Documentation examples

Last updated on 2026-04-28 | Edit this page

Estimated time: 12 minutes

Overview

Questions

  • What does well-documented code look like?

Objectives

  • Be introduced to good software documentation practices

Code examples


In this episode we’ll review some examples of research software and evaluate how readable and reusable it is. The examples are deliberately small and illustrative: the same documentation principles apply to any research code, whether you’re working with text and corpora, qualitative coding, survey data, clinical records, or quantitative measurements.

Example of no documentation

Here is some code intended to process a piece of text. What does this code do? It’s not clear what the code is for or why it was written.

Discussion

Challenge

Read and evaluate this code.

  • What is the purpose of this function?
  • What do the variables mean?
  • Would you rely on this code in your research? Why, or why not?

The function name doesn’t explain what the code does, and there are no comments or notes to clarify the author’s intent. The variable names don’t help either: what does x represent? Where would we look to find out more about weird_num? It’s effectively a “magic” number, stated arbitrarily and left unexplained. The logic of the expression is equally cryptic.

In fact a closer read shows the code can’t even run as written: sep and skipped are referenced but never defined. Without documentation, mistakes like that are easy to overlook until something breaks.

Well-documented example

Now let’s look at an example of best practices in documenting research software. (These snippets come from the end product of this course, so don’t worry if they don’t make sense yet.)

Discussion

Read and evaluate this code.

  • Can you tell what the purpose of the function is?
  • What is the meaning of the variables?
  • Which code would you prefer to use?

This time, the function name is a verb that describes what the code does. A clear description spells out the purpose for the reader, and comment lines (starting with #) explain how the calculation works. Each variable has a descriptive, human-readable name, and built-in language features handle the splitting of the text, so a reader can look up split() or strsplit() elsewhere rather than puzzling over a bespoke implementation.

The result is code that is much easier to interpret, maintain, and modify in the future.

Some of the syntax in this example may be unfamiliar—that’s fine. We’ll cover the basics as the course progresses.

Real-world examples


Let’s review real-world examples of the documentation for software packages that are used in research. The two examples below come from the quantitative-sciences mainstream, but the same documentation patterns turn up in tools used right across the disciplines—for example text-analysis libraries such as spaCy or quanteda, and many qualitative-data and digital-humanities packages.

NumPy user guide

NumPy is a mathematical package for Python, widely used for quantitative computing and linear algebra. The NumPy User Guide is a thorough website, organised into sections that cover different aspects of the package.

It includes a beginner’s guide, tutorials for common use cases, and in-depth write-ups of specific technical details.
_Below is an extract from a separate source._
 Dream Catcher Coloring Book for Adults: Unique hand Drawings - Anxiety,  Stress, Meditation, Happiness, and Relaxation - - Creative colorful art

Some content assumes no prior knowledge; other parts serve as a reference for readers with a background in mathematics or programming.
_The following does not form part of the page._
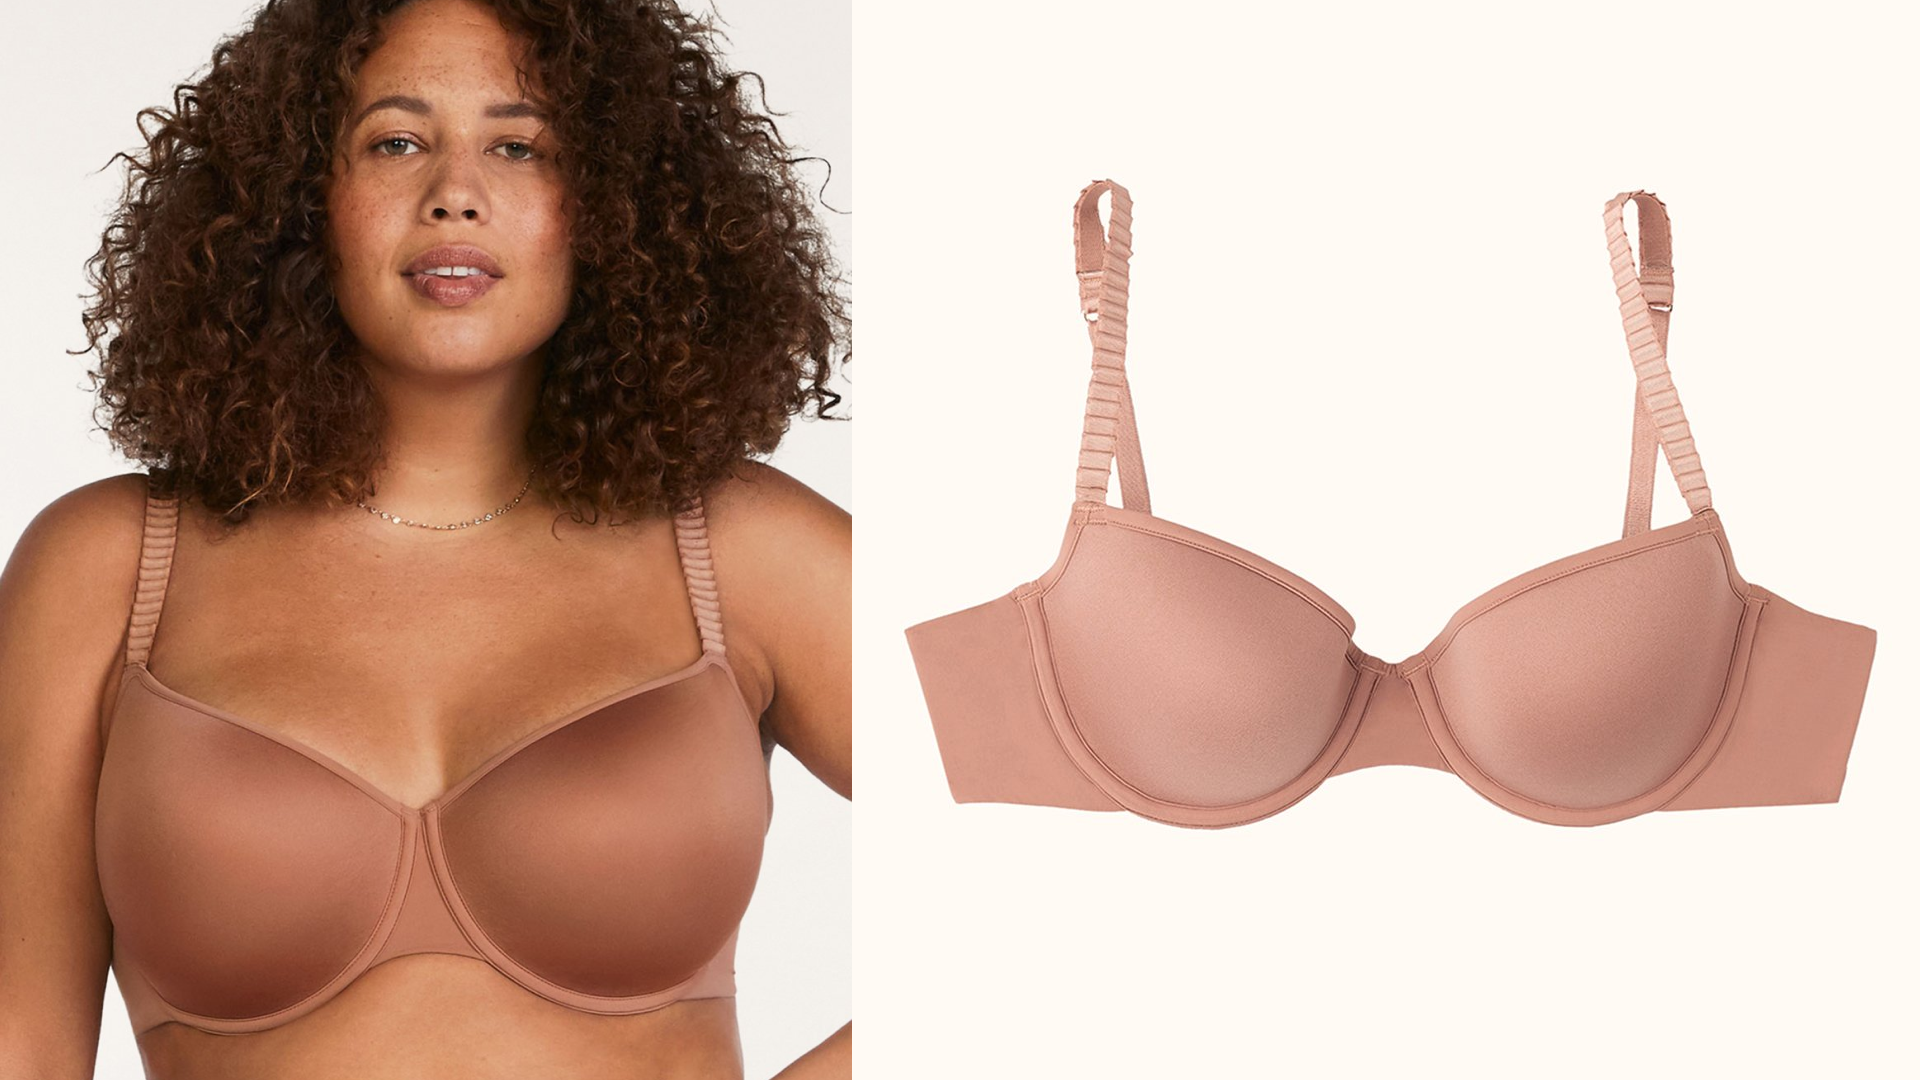 Molke - Everyone deserves to feel good! That's why our Original bras are  designed with support and comfort in mind. In one of the best ready-to-wear  size ranges available online! Michelle is

If we want to read more about how to use a certain feature, there are documentation pages such as numpy.array that describe purpose and the parameters of each function. If we’re in a Python interpreter shell, we can use the help() in-built function to view the documentation:

PYTHON

import numpy
help(numpy.array)

PYTHON

Help on built-in function array in module numpy:

array(...)
    array(object, dtype=None, *, copy=True, order='K', subok=False, ndmin=0,
          like=None)

    Create an array.

    Parameters
    ----------
    object : array_like
        An array, any object exposing the array interface, an object whose
        ``__array__`` method returns an array, or any (nested) sequence.
        If object is a scalar, a 0-dimensional array containing object is
        returned.
...

ggplot2 documentation site

ggplot2 is a package for the R statistical language that produces data visualisations and graphics. The ggplot2 documentation has a simple, accessible layout that walks a new user through installing the package and getting up and running. It also provides a “cheat sheet”: a reference guide that lists commonly used commands in an attractive two-page layout. The documentation is moderate in scope and links out to further resources, such as online courses hosted elsewhere.

In R, we can view the documentation for each function by using the ? syntax. For example, calling ?ggplot2::ggplot will show the help text for that function or load the reference information in a web browser. Also, if we ever needed to read it, the source code is neatly organised into R code files in the repository. For example, the function ggplot() includes an extensive description of the purpose and operation of that code, including a list of the parameters and examples of how to use it.

R

install.packages("ggplot2")
library(ggplot2)
?ggplot2::ggplot
A screenshot of the user guide for the ggplot2 ggplot function in RStudio.
The RStudio Help panel for the ggplot function.